🤖 AI Summary
This paper addresses the satisficing decision problem in multi-armed bandit optimization—selecting arms whose mean reward exceeds a given threshold with high frequency, rather than identifying the globally optimal arm. We formally define *satisficing regret*—the cumulative gap between realized rewards and the threshold—and prove it admits a constant upper bound. To achieve this, we propose the generic SELECT framework, which unifies adaptive sampling, lower-confidence-bound (LCB) hypothesis testing, and learning-oracle-driven iterative identification to handle both attainable and unattainable thresholds consistently. The framework attains constant satisficing regret across diverse bandit settings—including linear, contextual, and combinatorial environments—matching theoretical lower bounds. Empirical evaluations demonstrate substantial improvements over classical exploration algorithms.
📝 Abstract
Motivated by the concept of satisficing in decision-making, we consider the problem of satisficing exploration in bandit optimization. In this setting, the learner aims at selecting satisficing arms (arms with mean reward exceeding a certain threshold value) as frequently as possible.
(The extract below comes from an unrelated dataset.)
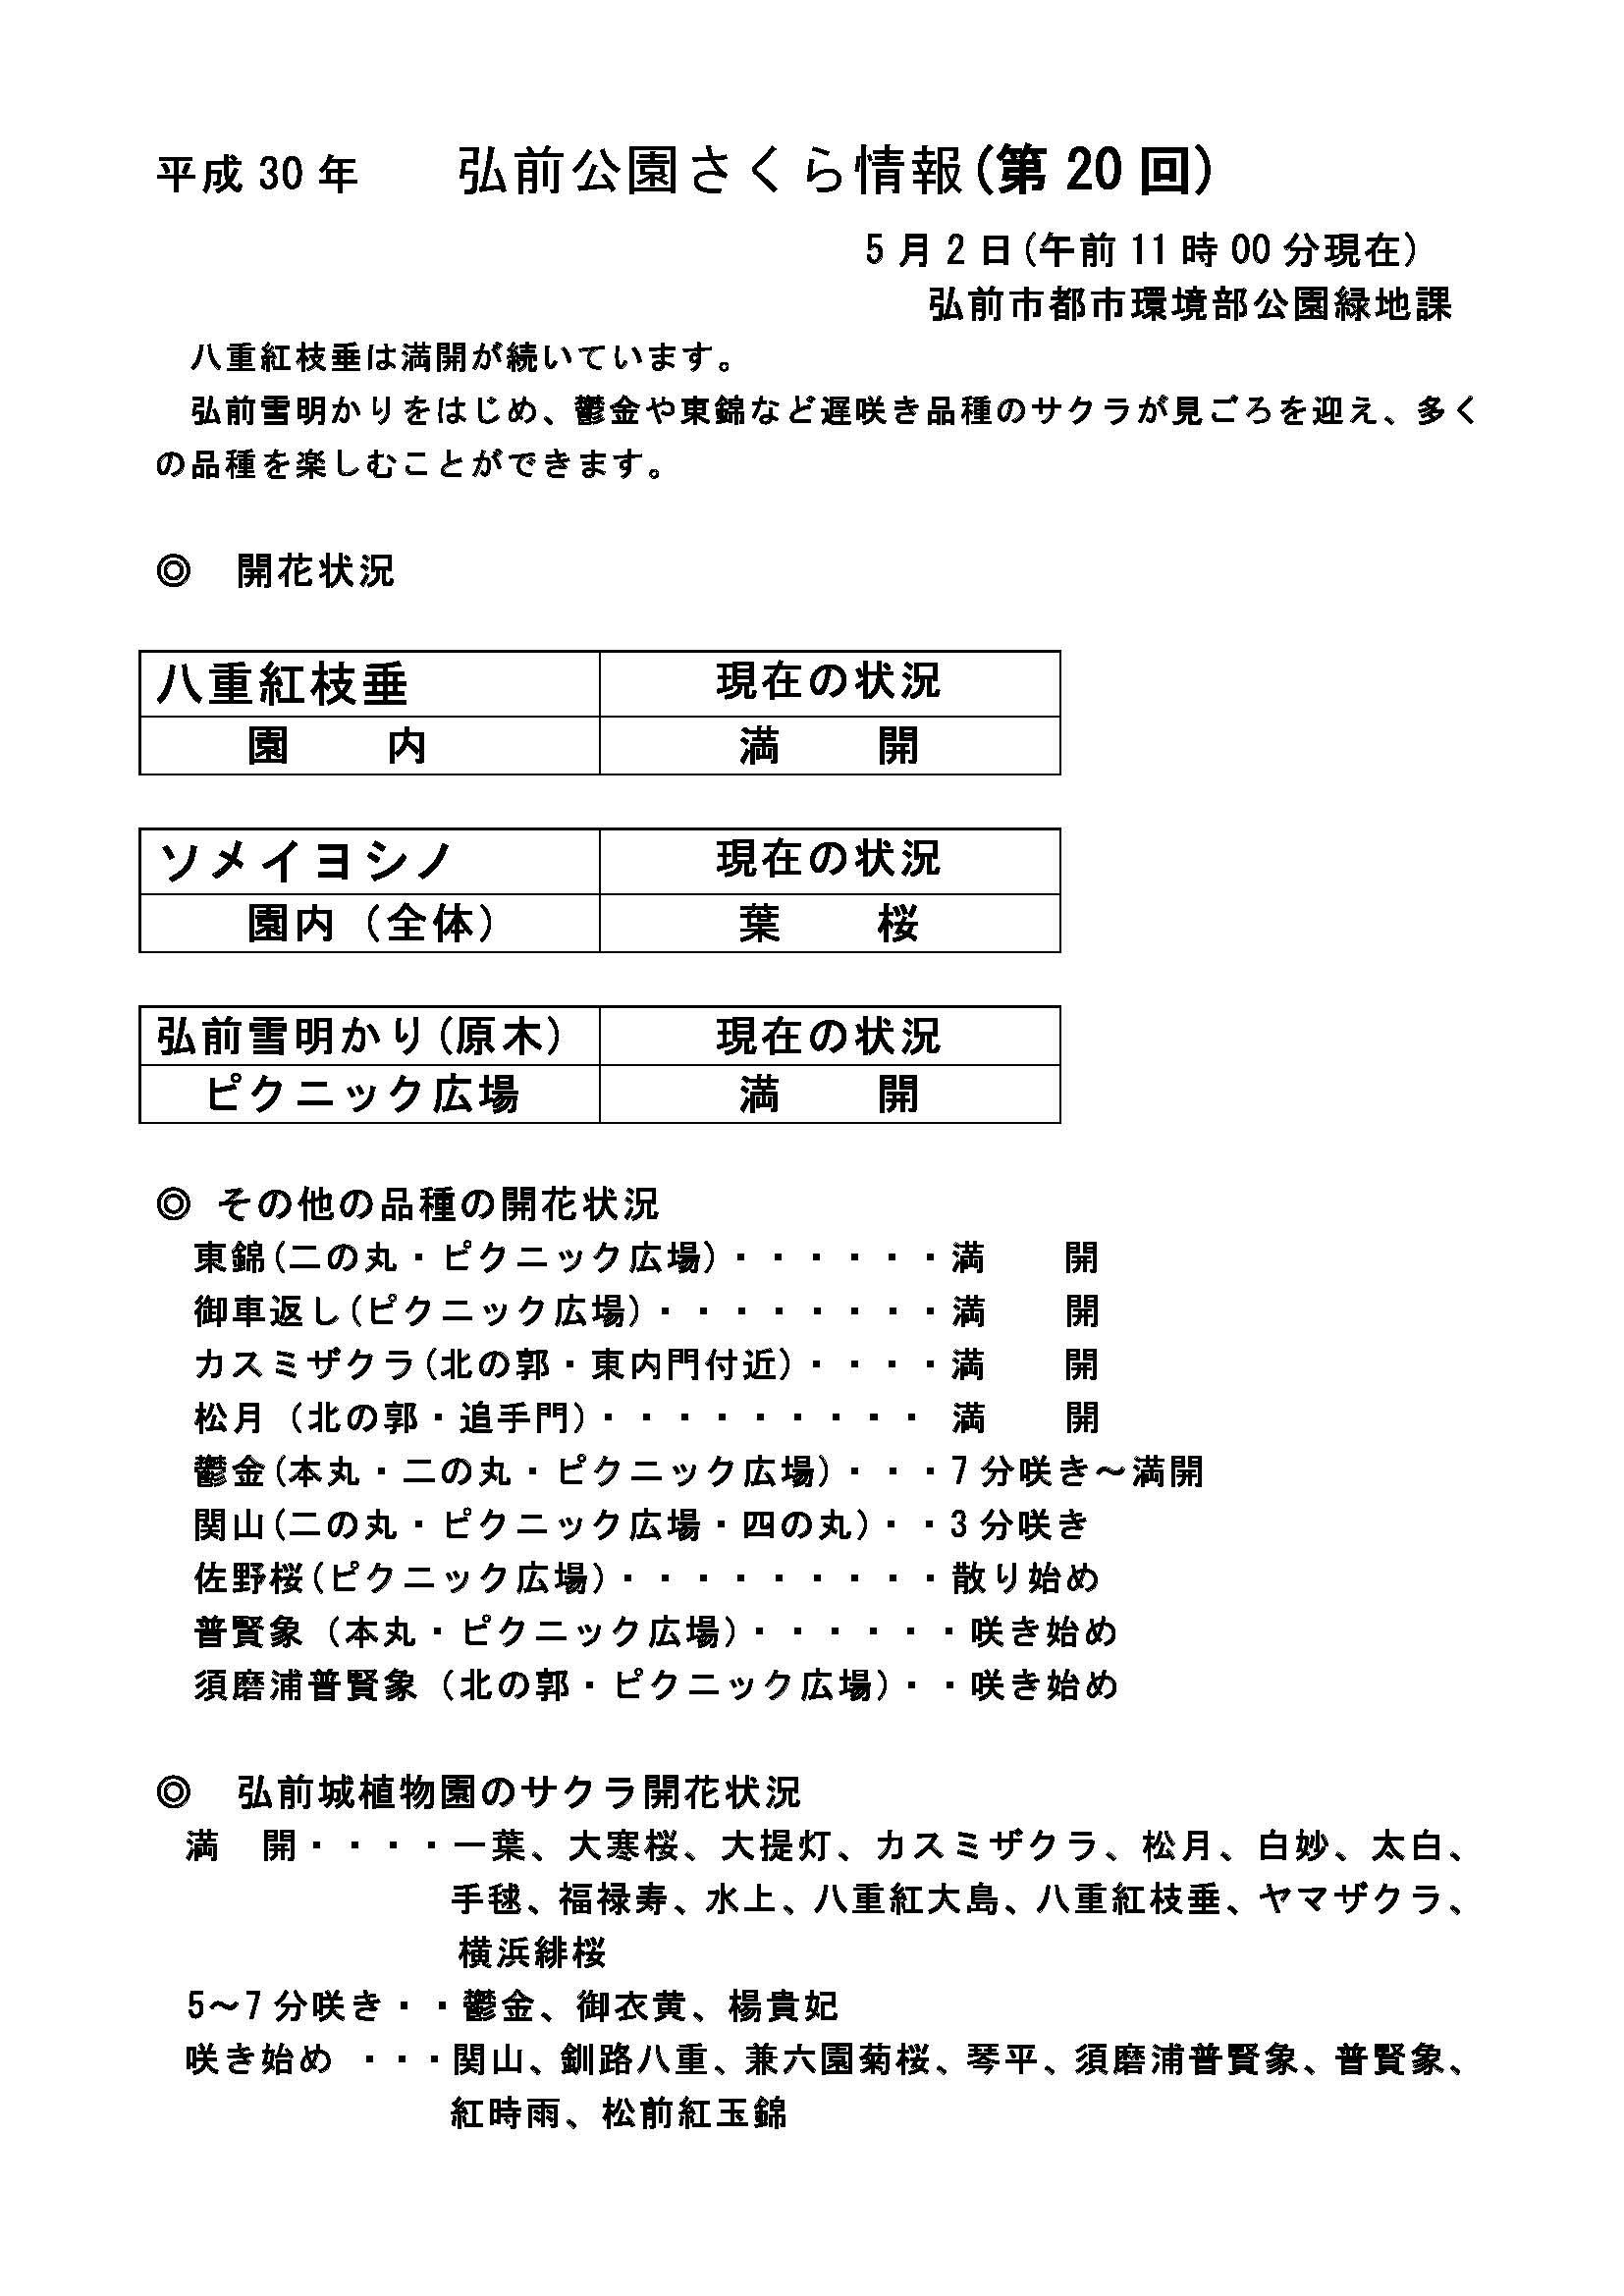 2018年5月2日付 弘前公園さくら情報【弘前公園・弘前城】

The performance is measured by satisficing regret, which is the cumulative deficit of the chosen arm's mean reward compared to the threshold. We propose SELECT, a general algorithmic template for Satisficing REgret Minimization via SampLing and LowEr Confidence Bound Testing, that attains constant satisficing regret for a wide variety of bandit optimization problems in the realizable case (i.e., a satisficing arm exists). Specifically, given a class of bandit optimization problems and a corresponding learning oracle with sub-linear (standard) regret upper bound, SELECT iteratively makes use of the oracle to identify a potential satisficing arm with low regret. Then, it collects data samples from this arm, and continuously compares the LCB of the identified arm's mean reward against the threshold value to determine if it is a satisficing arm. As a complement, SELECT also enjoys the same (standard) regret guarantee as the oracle in the non-realizable case. Finally, we conduct numerical experiments to validate the performance of SELECT for several popular bandit optimization settings.